Shaw has worked with Lottie Dolls to create a workshop for young girls, combining drama and space exploration. She has brought along Stargazer Lottie to her Mars Analog mission experiences, both in Utah and Israel, as well as bringing the doll to the zero-g flight in Russia.

Based on her Mars Analog experiences, Shaw joined with Sarah Baxter to create Shaw's third theater show, Diary of a Martian Beekeeper (2018).

===Television, radio, and print===
Shaw is a regular contributor on television and radio about science topics and her space adventures. She has appeared on The Tommy Tiernan Show, The Late Late Show, Today show on RTÉ One, and The Seven O'Clock Show on TV3. She has also contributed articles on a variety of space and science-related topics.

=== Honours and awards ===
In 2014, she was named one of Ireland's talented 38 Technology Women.
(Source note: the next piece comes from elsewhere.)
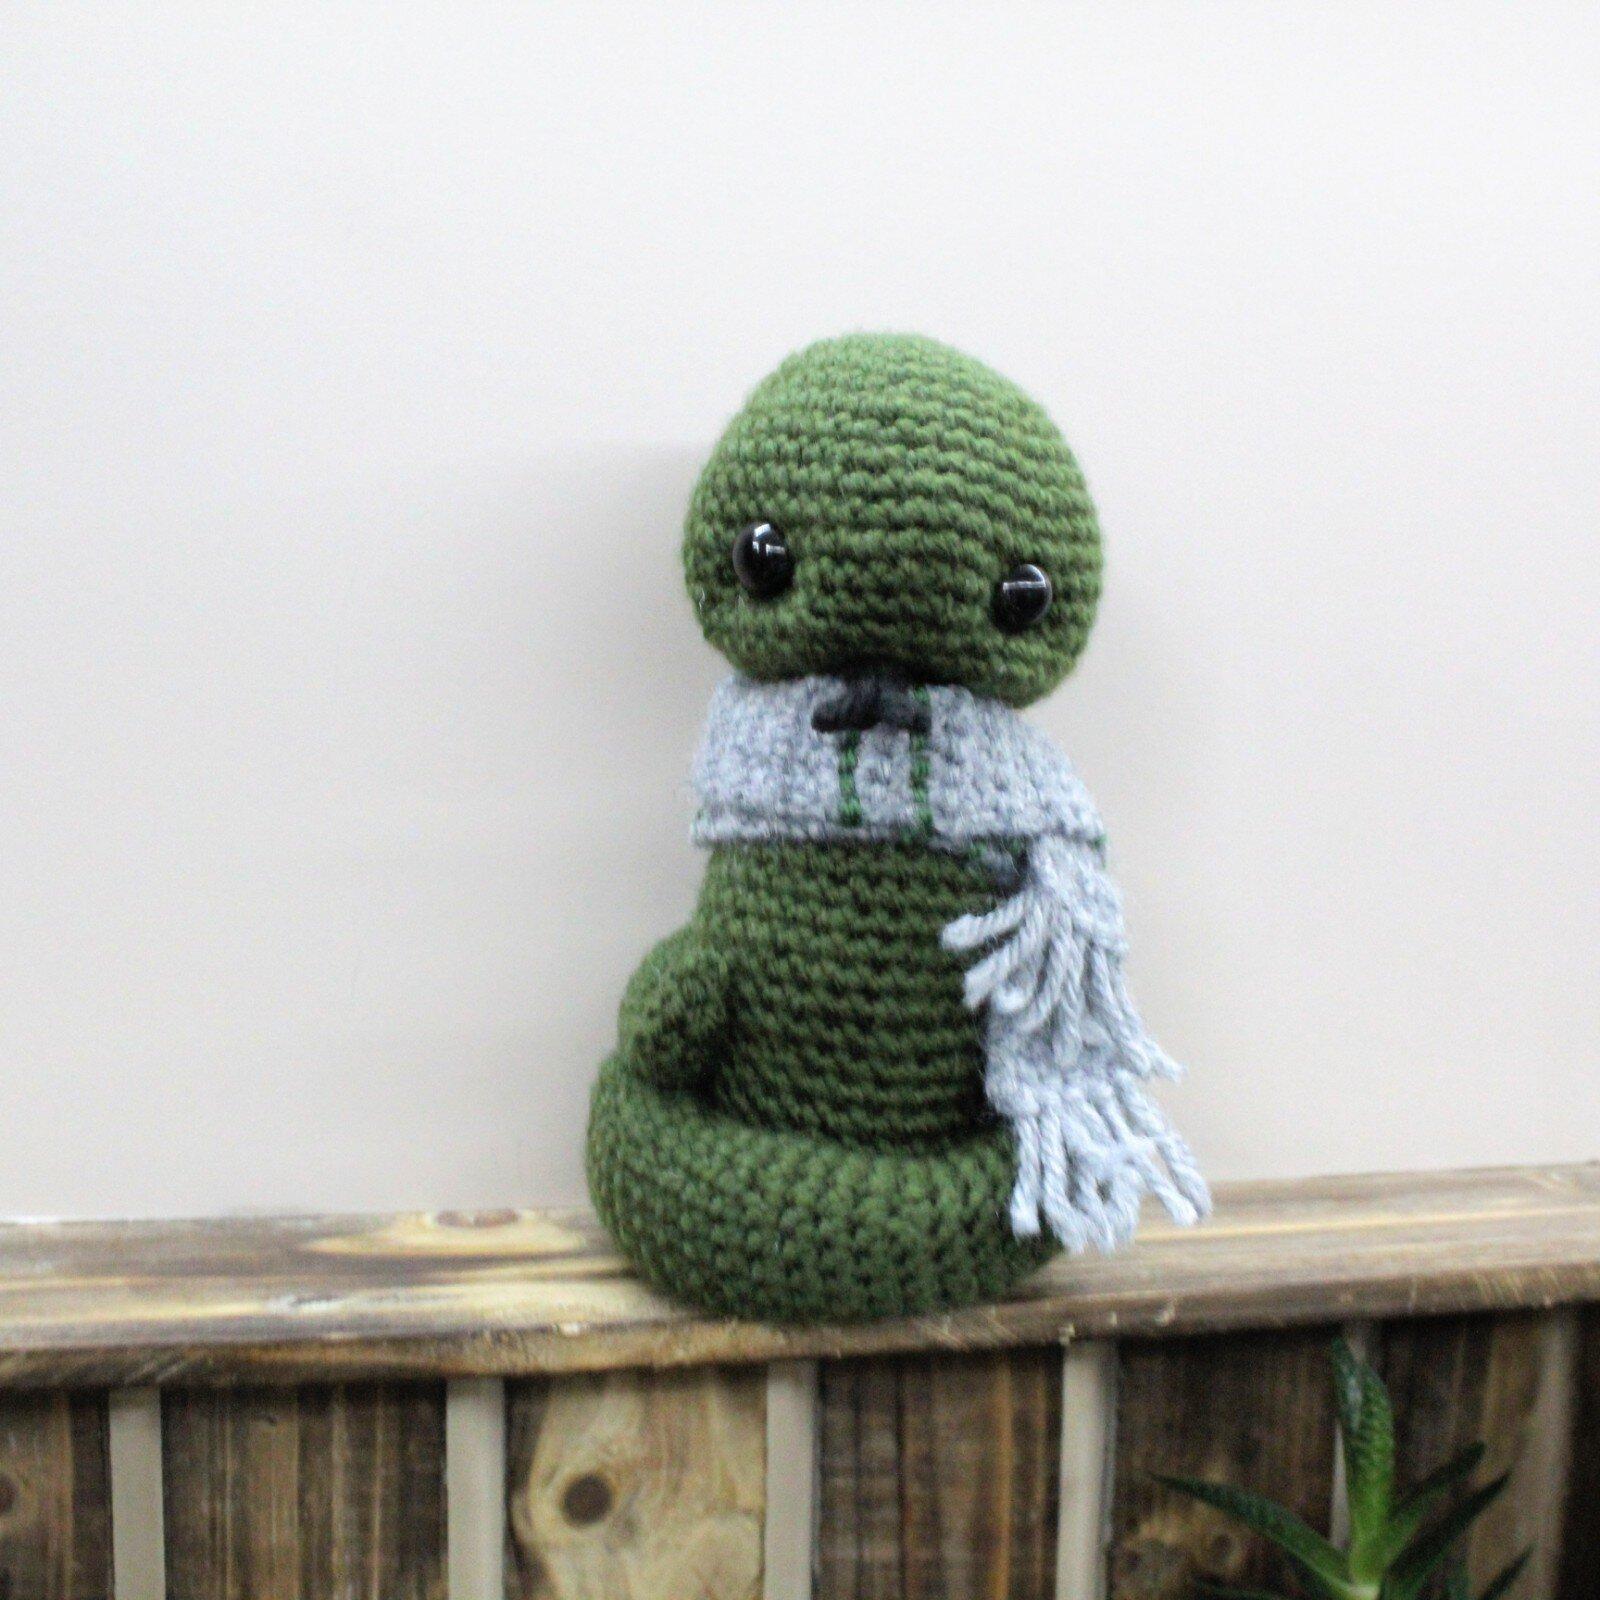 Crochet Rainbow Snake, Free crochet Pattern - GoldenLucyCrafts | 1000x1000

Shaw won a Science Foundation Ireland Outstanding Contribution to STEM Communication Award in 2018, sharing with Dr. John O'Donoghue of the Royal Society of Chemistry.

On International Women's Day 2019, at a special reception at Áras an Uachtaráin to celebrate Irish Women in STEM, she was invited to respond to Uachtaráin na hEireann, President Michael D. Higgins's speech. She is the 2019/2020 Honorary Ambassador to the Irish Girl Guides.

She was recognised by the European Space Agency as a European Space Champion in 2022 for her work in outstanding space advocacy.